The diagnostic phase is one of the most difficult times of the breast cancer experience. While still dealing with the shock of the diagnosis, you will hear many new medical terms and will need to make decisions during a time when you might be feeling very vulnerable.
You may have appointments with a variety of specialists, such as surgeons, medical oncologists and radiation oncologists. Finding your way through the maze of tests, appointments, doctors, nurses and medical terms can be challenging. It can be helpful to bring a trusted friend or family member with you when you go to your appointments for support and to help you record information.
Waiting is inevitable
Be prepared to do a lot of waiting. You will wait for doctor’s appointments, test results, and referrals from one doctor to another. There is stress and anxiety associated with waiting – it can be difficult but unfortunately, it is unavoidable. It may help to remember that the information being gathered will help to define the nature of your breast cancer and allow your doctors to determine the best course of treatment for you.
Being diagnosed with breast cancer often leads to feelings of anxiety and loss of control. Being well informed about your diagnosis and treatment options may offer some reassurance and a regained sense of control of at least some parts of the journey. Being prepared for what happens next can help to address the uncertainty you might experience.
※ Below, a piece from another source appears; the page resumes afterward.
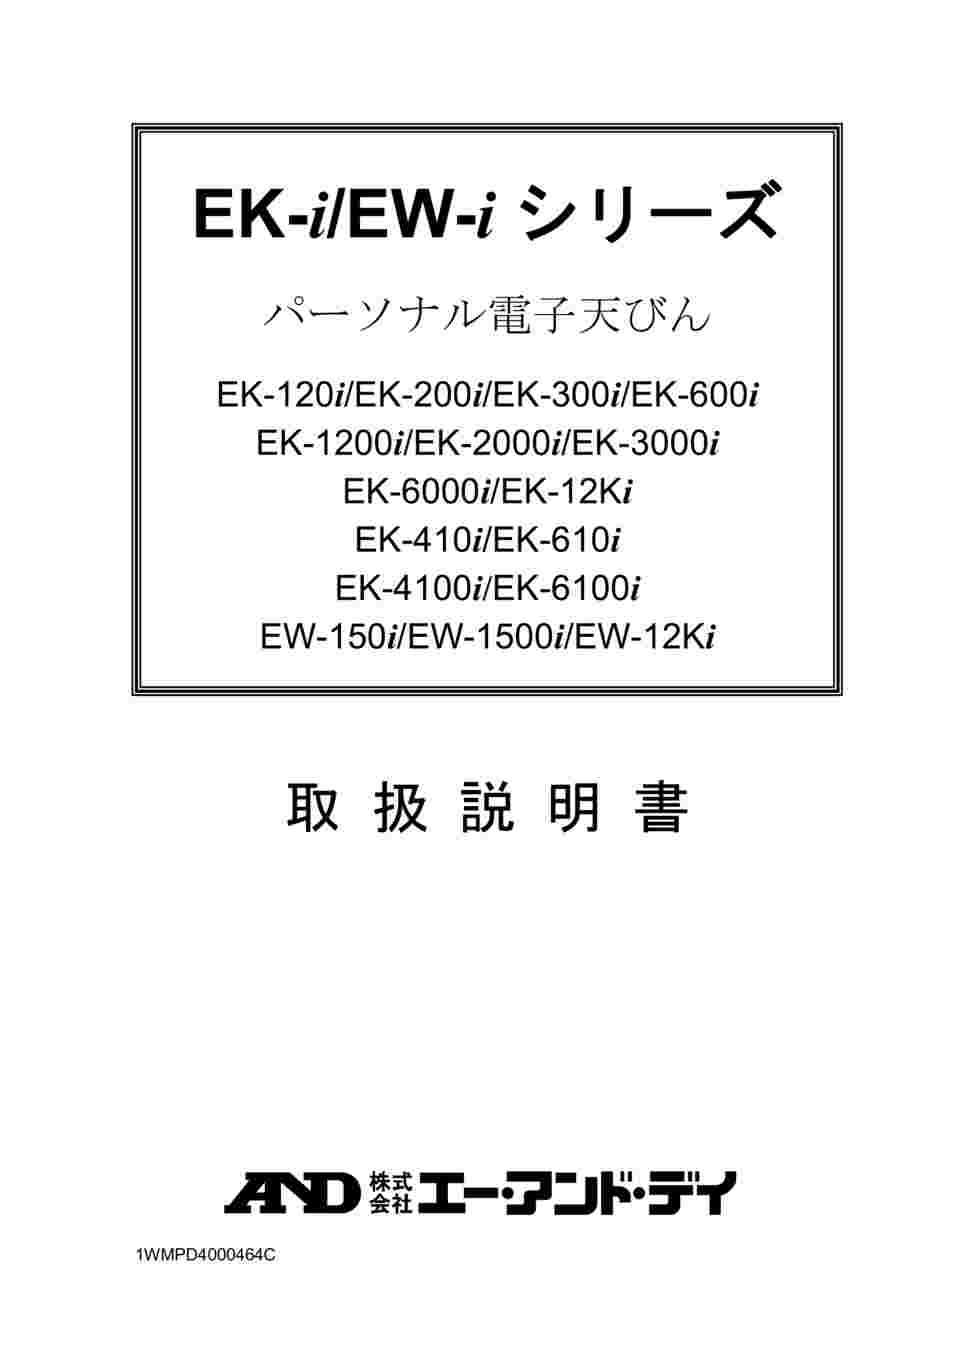 1-6842-01-56 パーソナル電子天秤 英語版校正証明書付 EW-150i 【AXEL
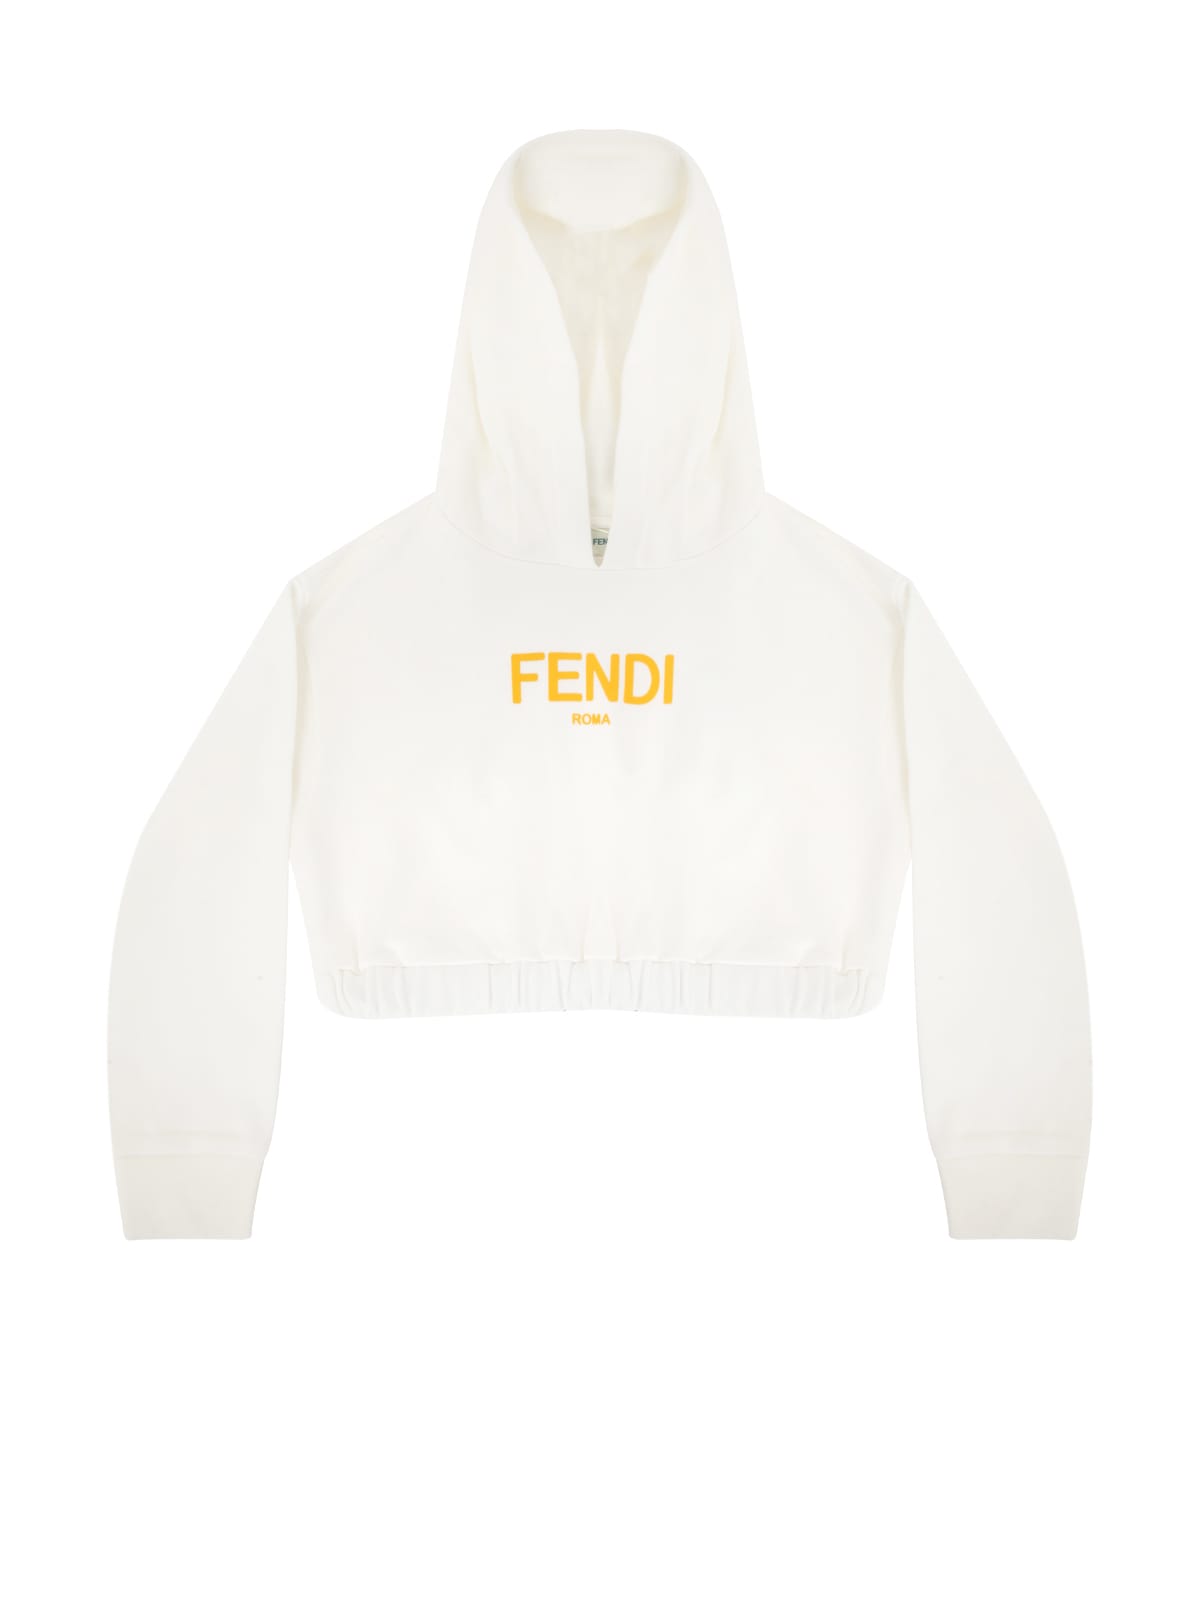 Fendi Crew Neck Sweatshirt

Avoid information overload
After dealing with the shock of your diagnosis, it may be difficult to determine what information you need. It is also sometimes difficult to recognize how much will be enough for you to make the decisions you might be facing. Too much information can be paralyzing. You need only learn enough to give you a basic understanding of your cancer and treatment options.
Your medical team will answer any questions that arise throughout the process. It is important to remember that you can, and should, ask questions at any time. The Canadian Cancer Society can also help you find current and credible information that is relevant to your situation.
The importance of self-advocacy
During your cancer experience you will meet with many health professionals and support people. The Canadian cancer care system is increasingly complex. Often, there may not be a dedicated member of your health care team to help you to manage your care from diagnosis through treatment and beyond.
As a result, you may find that you must advocate for yourself and take an active role in the coordination of your care. This is what is referred to as self-advocacy: taking an active role in your treatment to make sure you get the support and care you need. It’s about asking questions and getting answers. You may also want to ask a trusted family member or friend to work with you or act on your behalf.